> **COLLECTED MATERIAL**
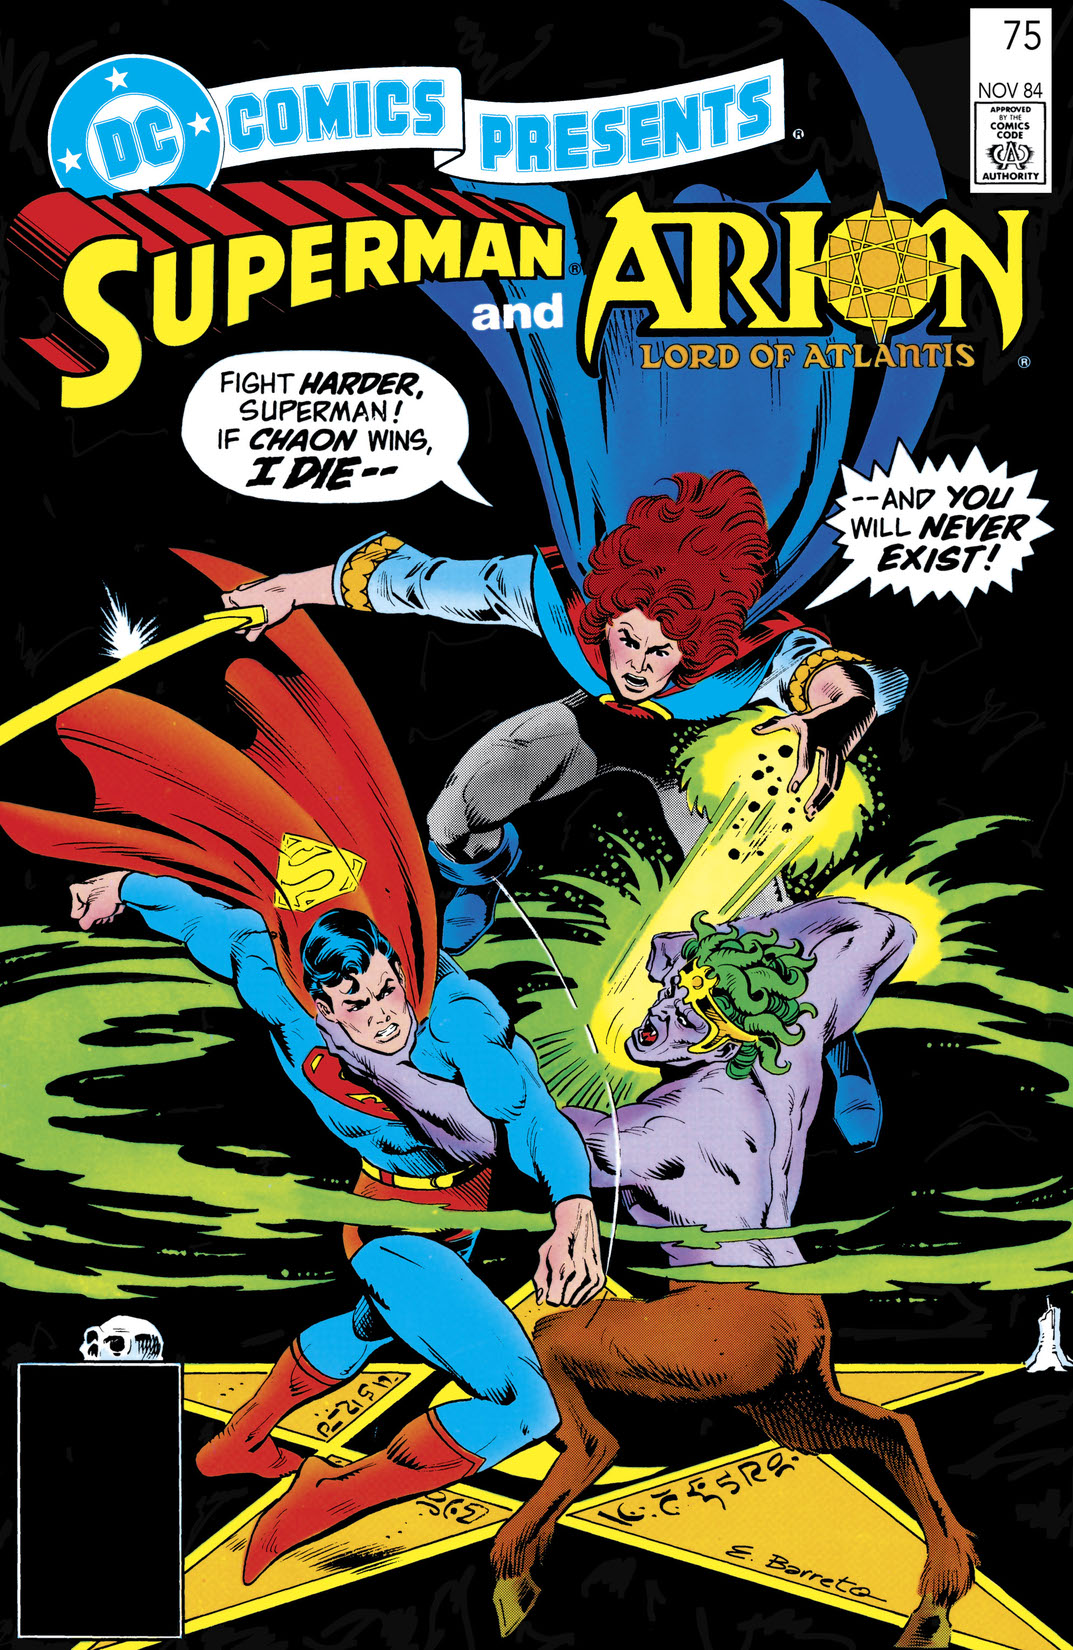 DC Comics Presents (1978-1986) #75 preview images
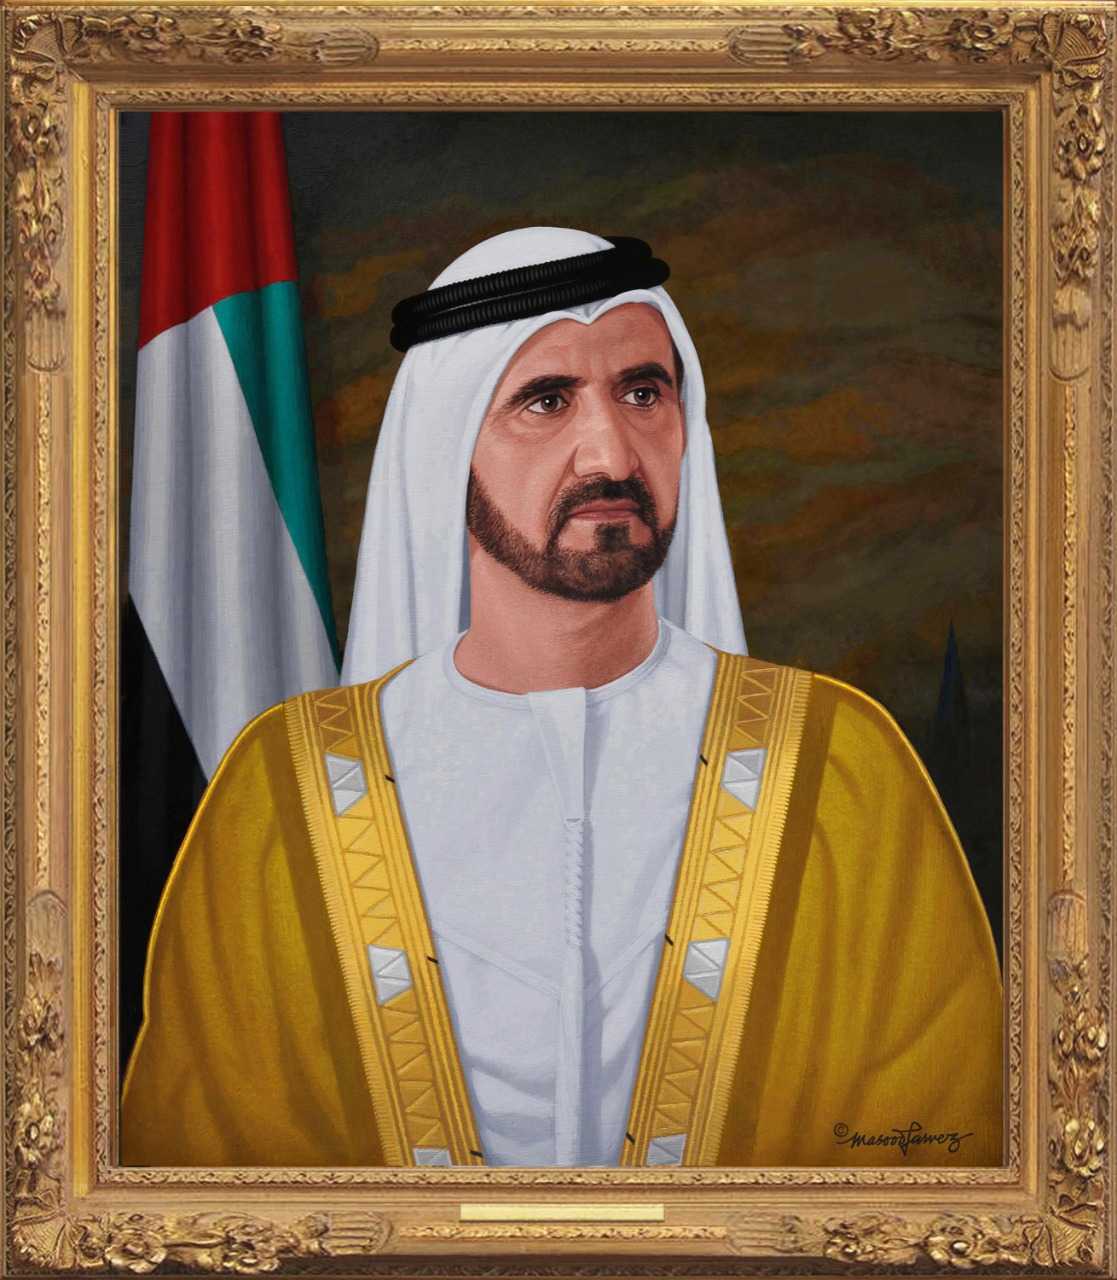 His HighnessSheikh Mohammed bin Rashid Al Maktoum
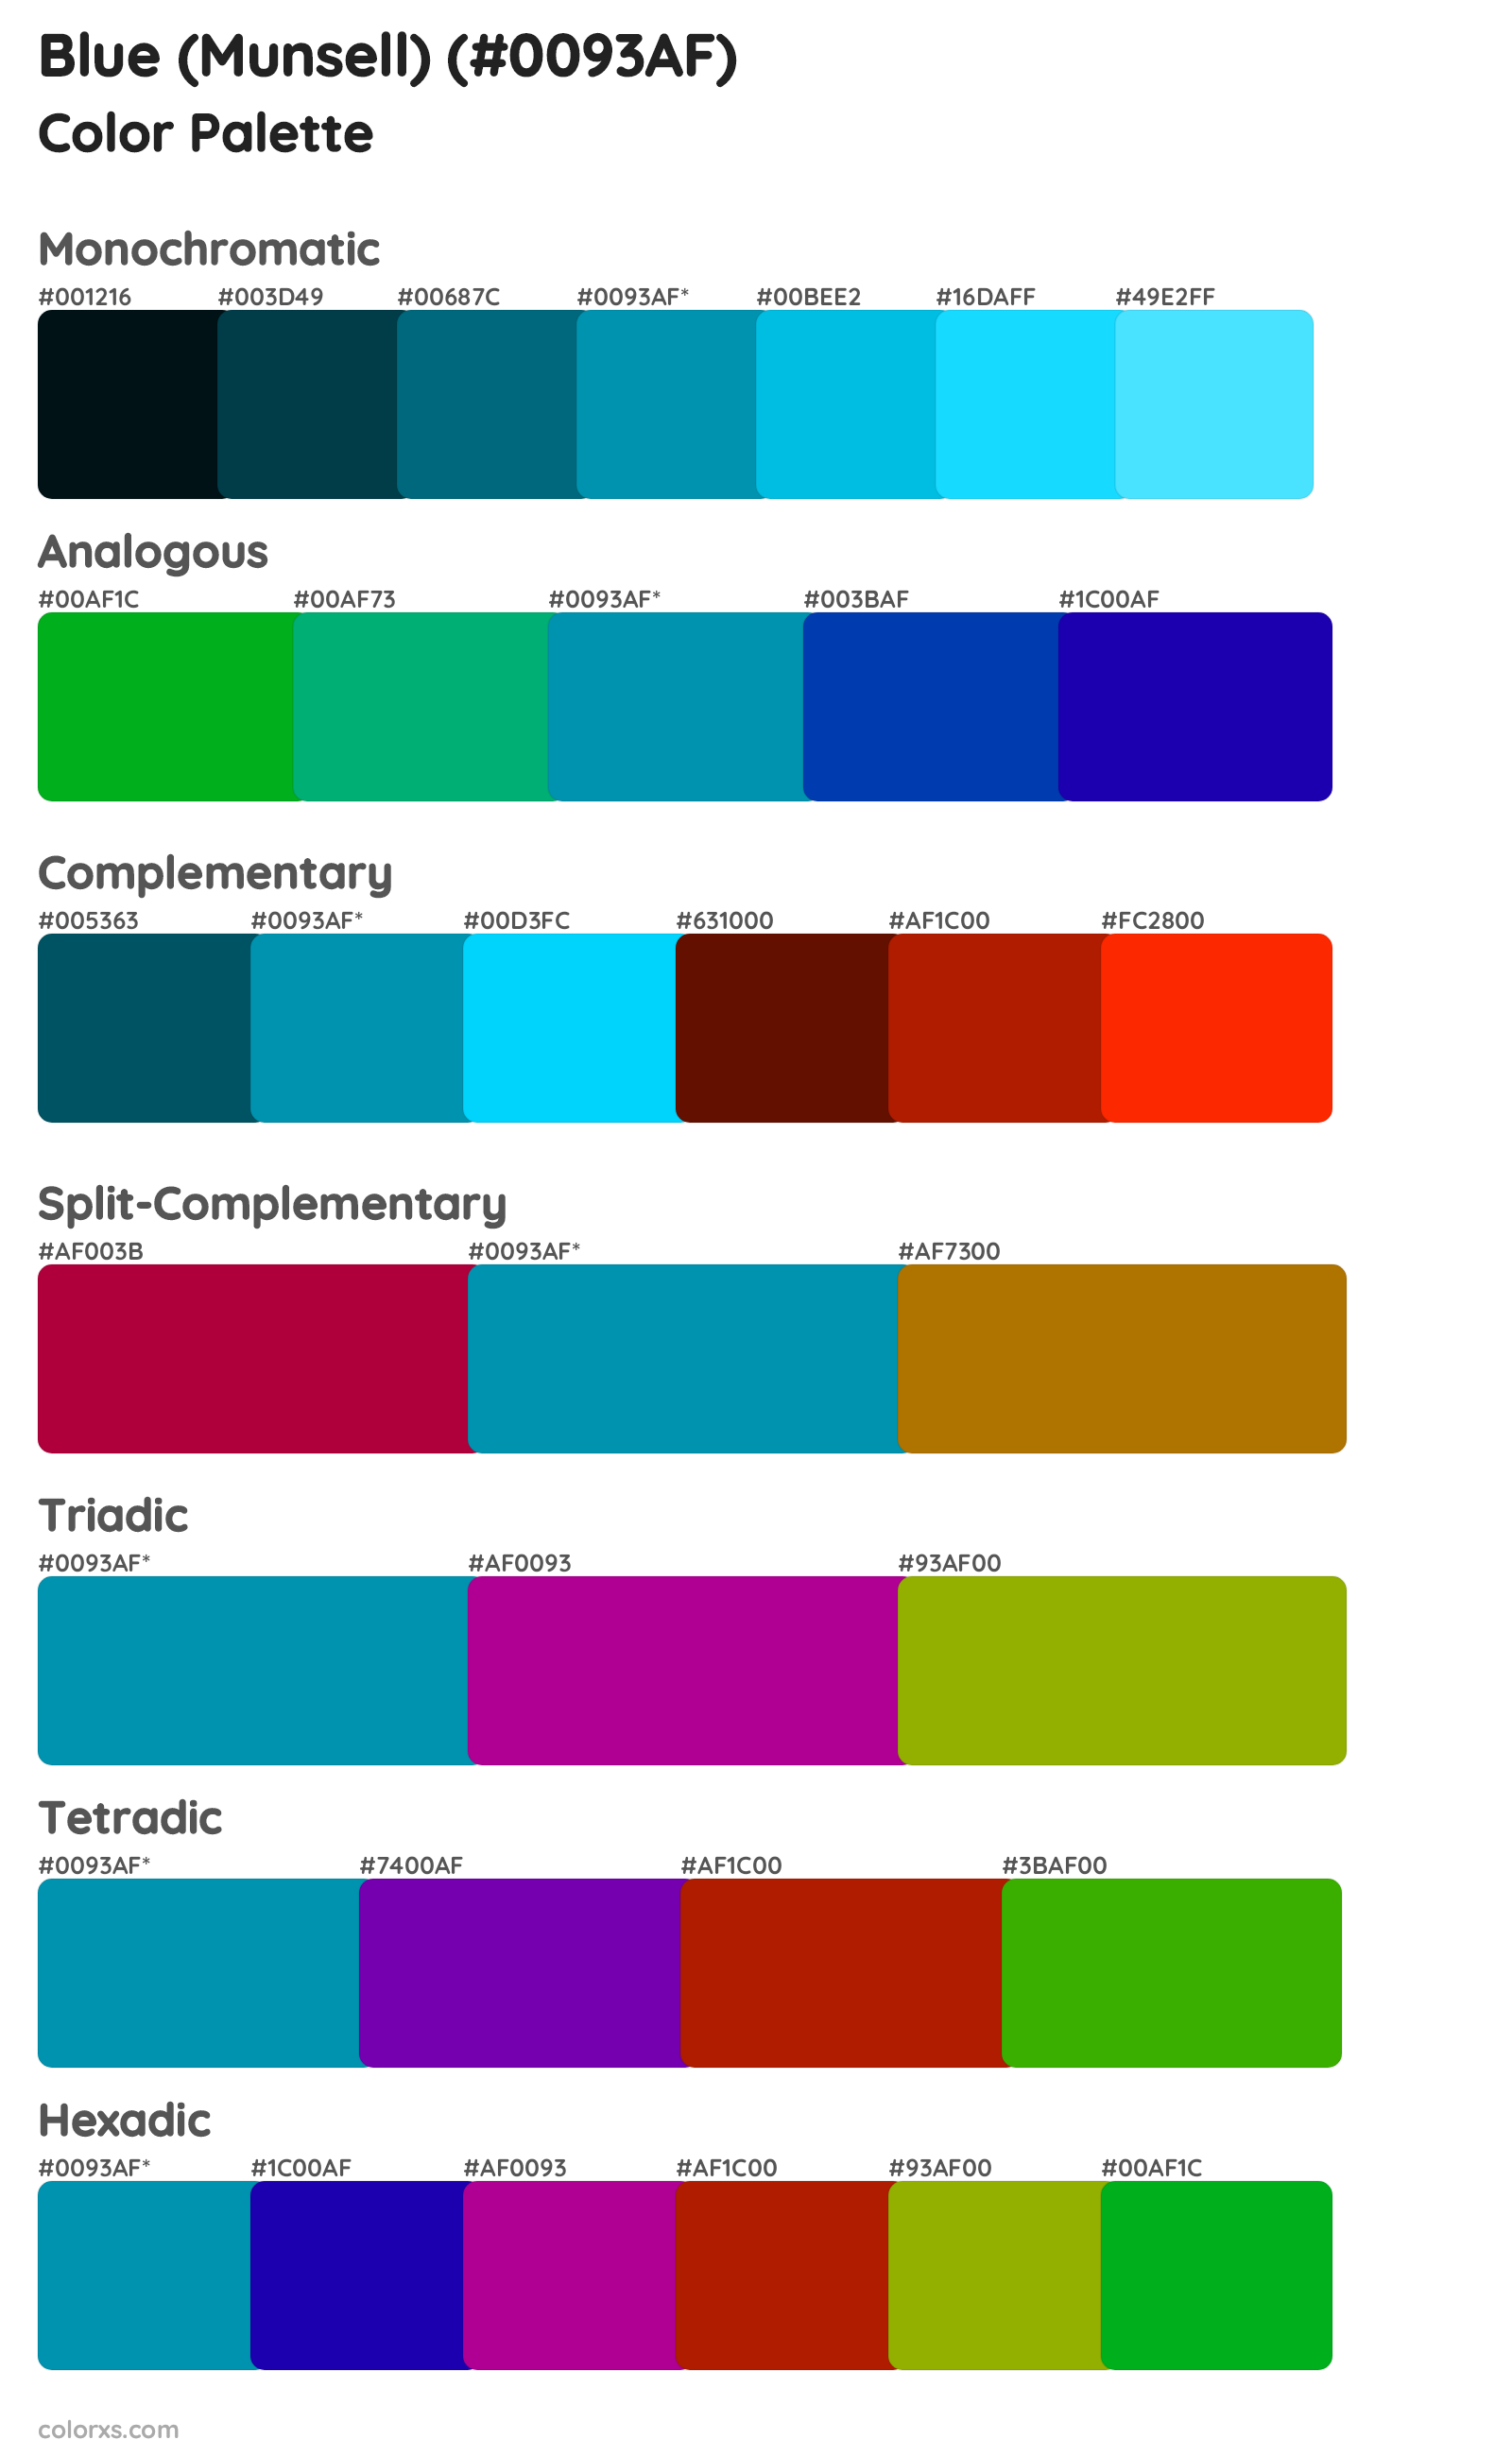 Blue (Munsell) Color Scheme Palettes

> **TRY IT**
Set the whole listing down again unchanged, apart from the pictures, which are omitted.

> **EXERCISE OUTPUT**
 DC Comics Presents (1978-1986) #75 preview images
 His HighnessSheikh Mohammed bin Rashid Al Maktoum
 Blue (Munsell) Color Scheme Palettes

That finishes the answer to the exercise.